The task =
Among the entries below, find all lines that include "Guide" and copy them.

Data for processing =
++++++++

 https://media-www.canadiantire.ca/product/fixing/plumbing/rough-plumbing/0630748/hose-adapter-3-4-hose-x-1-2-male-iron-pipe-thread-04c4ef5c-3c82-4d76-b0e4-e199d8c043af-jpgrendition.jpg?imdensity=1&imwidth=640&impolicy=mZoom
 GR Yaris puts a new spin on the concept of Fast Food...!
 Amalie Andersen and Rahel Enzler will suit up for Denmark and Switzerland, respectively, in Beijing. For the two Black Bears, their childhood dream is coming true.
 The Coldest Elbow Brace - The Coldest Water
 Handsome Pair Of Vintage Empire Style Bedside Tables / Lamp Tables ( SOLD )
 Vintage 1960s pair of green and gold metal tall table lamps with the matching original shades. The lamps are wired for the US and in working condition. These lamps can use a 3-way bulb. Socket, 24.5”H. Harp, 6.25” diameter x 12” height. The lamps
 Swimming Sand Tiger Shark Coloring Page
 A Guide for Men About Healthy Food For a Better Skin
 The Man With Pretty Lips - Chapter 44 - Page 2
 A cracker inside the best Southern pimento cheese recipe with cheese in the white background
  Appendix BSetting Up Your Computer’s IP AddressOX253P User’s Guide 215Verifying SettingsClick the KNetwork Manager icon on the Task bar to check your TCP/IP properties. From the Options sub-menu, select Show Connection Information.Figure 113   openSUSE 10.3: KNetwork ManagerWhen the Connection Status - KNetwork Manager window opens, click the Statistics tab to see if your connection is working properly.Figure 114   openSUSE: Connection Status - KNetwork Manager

++++++++

Written response =
 A Guide for Men About Healthy Food For a Better Skin
  Appendix BSetting Up Your Computer’s IP AddressOX253P User’s Guide 215Verifying SettingsClick the KNetwork Manager icon on the Task bar to check your TCP/IP properties. From the Options sub-menu, select Show Connection Information.Figure 113   openSUSE 10.3: KNetwork ManagerWhen the Connection Status - KNetwork Manager window opens, click the Statistics tab to see if your connection is working properly.Figure 114   openSUSE: Connection Status - KNetwork Manager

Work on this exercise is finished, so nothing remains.